= Beit Eliezer =

Beit Eliezer (Hebrew: בית אליעזר) is a neighborhood in the city of Hadera, in the Haifa District of Israel. Located in the eastern part of the city, it is one of Hadera's oldest and largest residential neighborhoods.

== History ==
Beit Eliezer was established in the 1950s as a workers' neighborhood. It is named after Eliezer Kaplan, who served as Israel's first Minister of Finance. Its first residents were largely immigrants, including Jews from Yemen, Romania, and Morocco. In its early years, houses in the neighborhood were built with large plots of land that included small subsistence farms, giving parts of the neighborhood a rural character.

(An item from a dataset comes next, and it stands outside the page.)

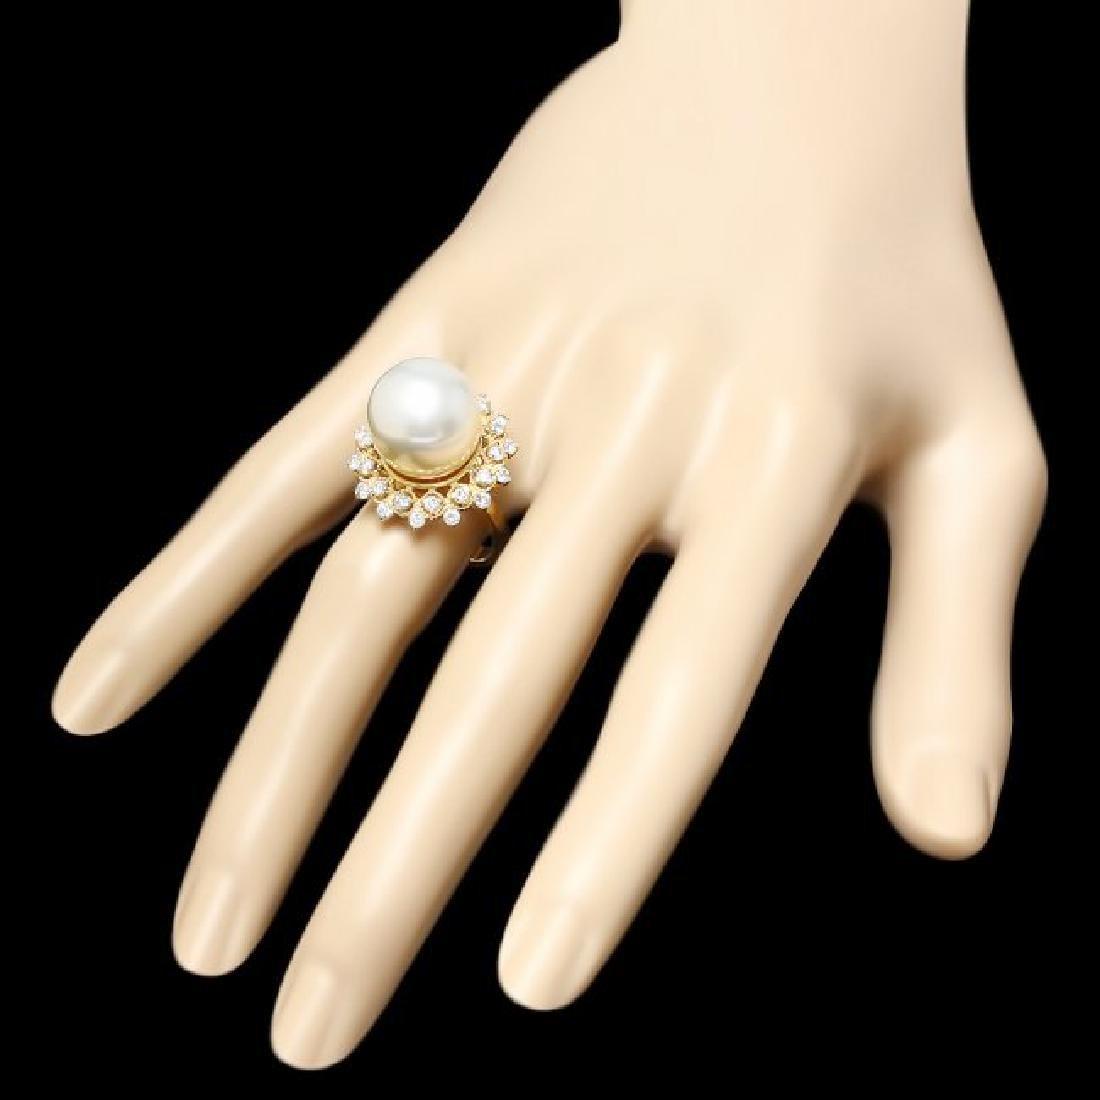 14k Gold 14 X 14mm Pearl 1.00ct Diamond Ring - 3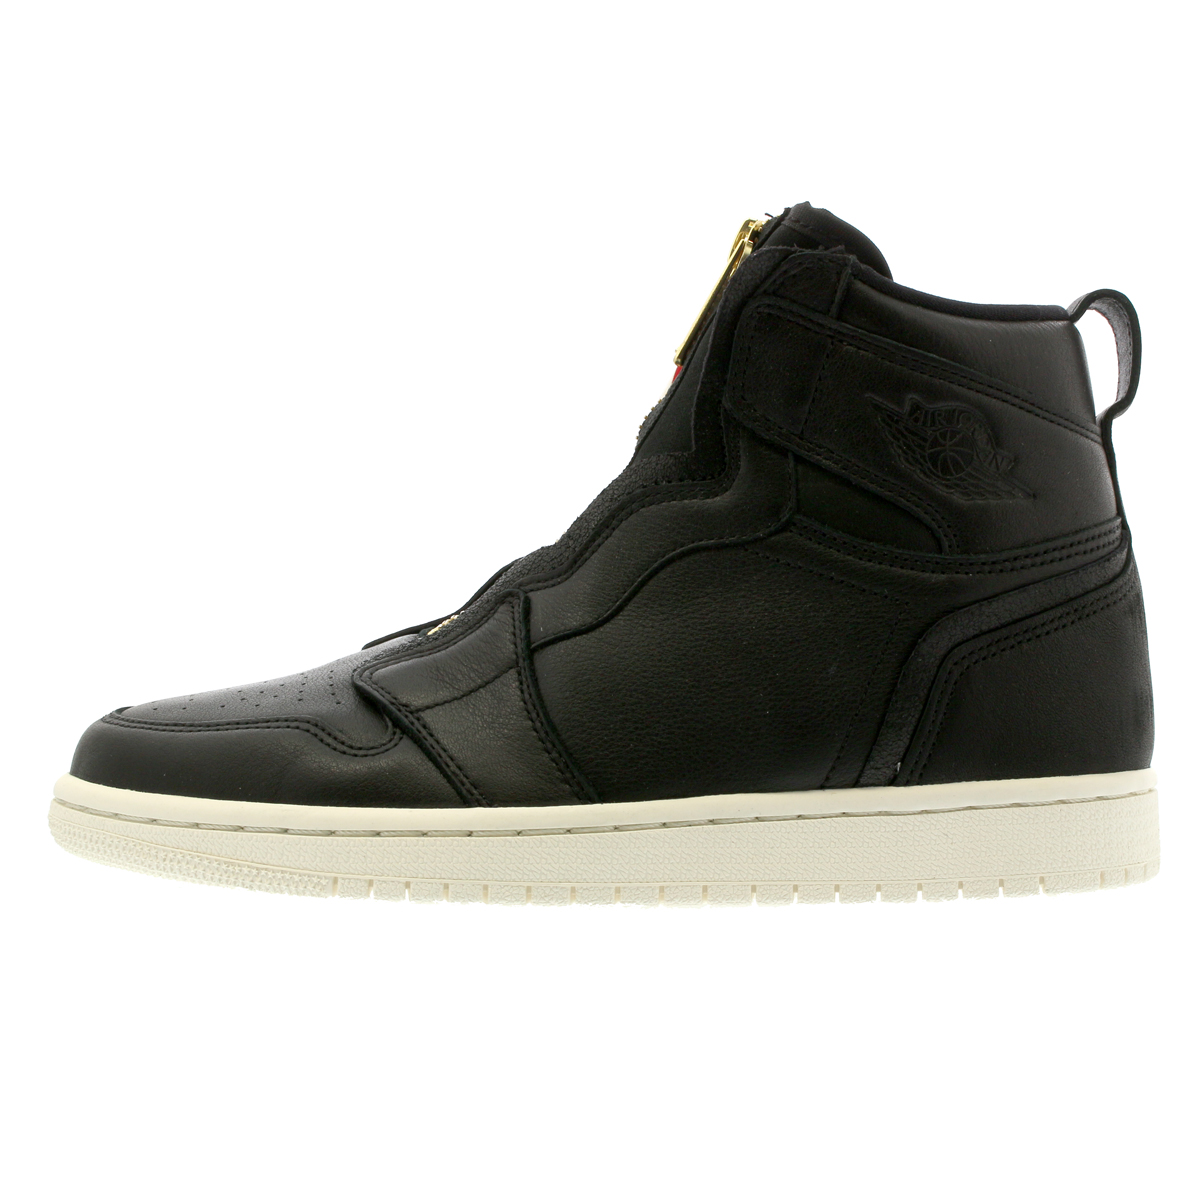 Lowtex Big Small Shop Nike Wmns Air Jordan 1 High Zip

The neighborhood grew in stages over the following decades as further waves of immigration reached Hadera. A section known as Neve Eliezer was developed within Beit Eliezer, and in 1973 an additional area of prefabricated housing imported from Yugoslavia, locally referred to as "Yugoslav housing," was built. Following the large-scale immigration from the former Soviet Union in the 1990s, a further section known as "New House of Eliezer" was constructed; its streets were named after families associated with the founding of Hadera.

== Sports ==
The neighborhood was home to Hapoel Beit Eliezer F.C., a football club founded in 1952. The club spent most of its history in Israel's lower divisions, winning promotion to Liga Alef in 1977. It folded amid financial difficulties, was briefly revived in the 1980s, and was eventually merged into Hapoel Hadera in 2000.

== Notable buildings ==
The Beit Eliezer Community Center is a building located at a central corner of the neighborhood, constructed with sandstone facades.